Which is to say, English spelling is definitely messed up. But it's not some insane thing that lacks any hint of sanity that some people try to portray it as.



This article feels to me as it was written in bad faith, trying and failing to prove a point, but then positing the point was proved.

The author happily start the article by submitting:

>The purpose of this page is to describe [...] the rules that tell you how to pronounce a written word correctly over 85% of the time.

but then they quietly show that with their whole page of rules, the reader will not actually pronounce 85% of the words correctly as they just claimed, but actually less than 60%. By arbitrarily deciding that a number of errors can be considered small, the author bumps the number of "correctly pronounced words" to 85%.

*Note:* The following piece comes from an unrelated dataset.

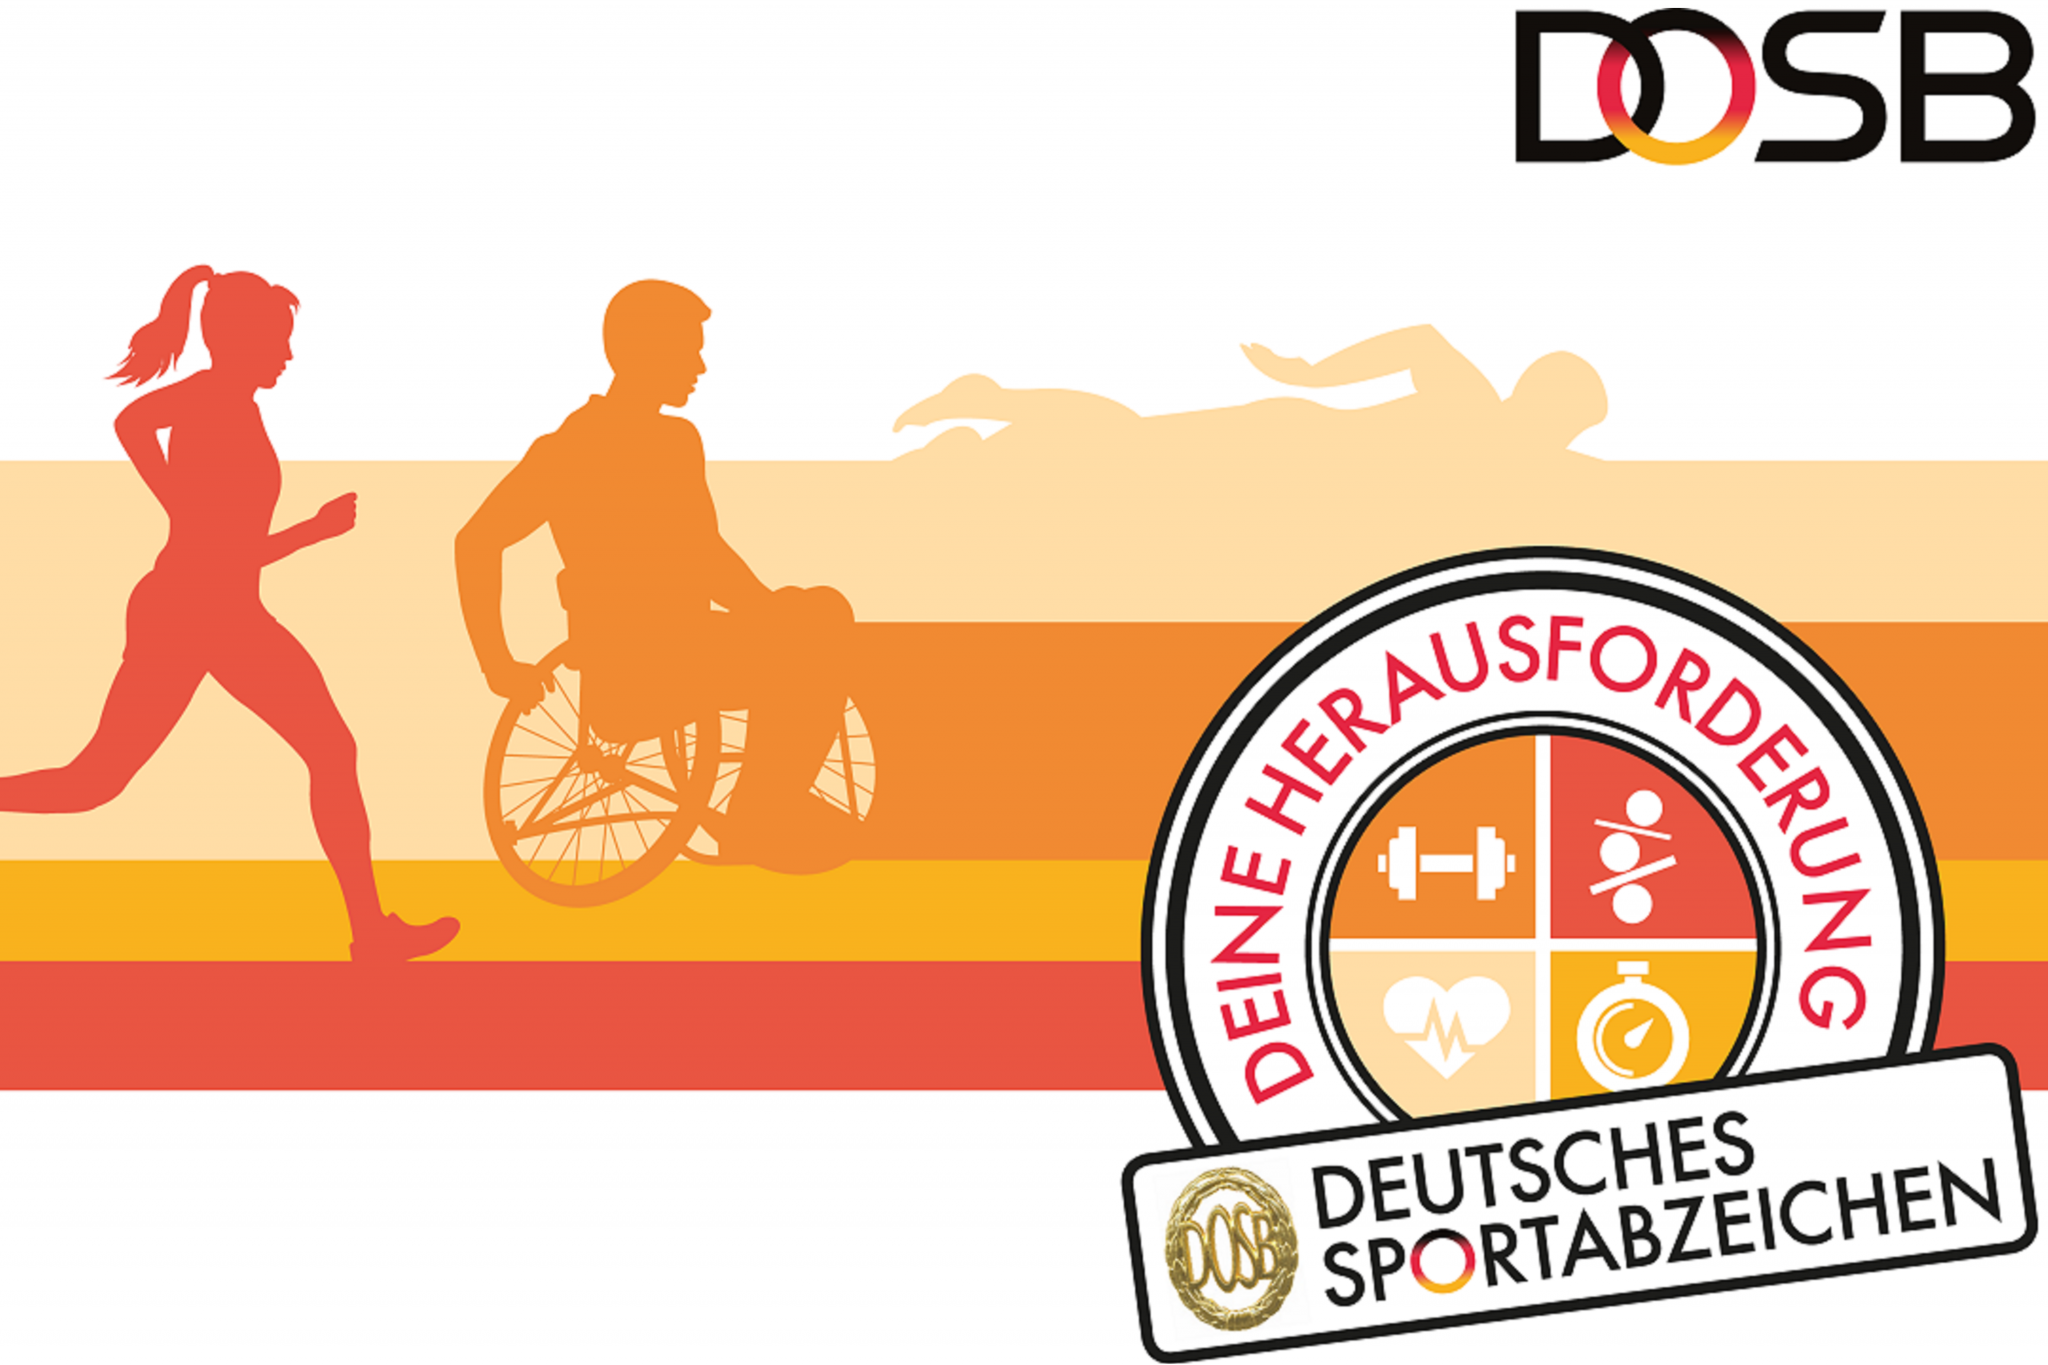 deutsches sportabzeichen header 2048x1365

Are we talking about 85% of the whole language? No, just 5000 words. Even if they are the most frequent in the written language, they would still only account for around 95% of all the words.

The author position is:

- people complain about the English spelling all the time, saying it's horrible

- the English spelling is actually pretty systematic and this page will explain the rules to understand it

- when you will have mastered these rules, you will pronounce half of the words perfectly - for extremely common words such as "give", "get", "real", "very", "put", "half" you are still SOL

- the english spelling is not so horrible after all: as a perfect student you will only butcher more than 1 word every 10 spoken

To me, the author has proved the point he was trying to disprove.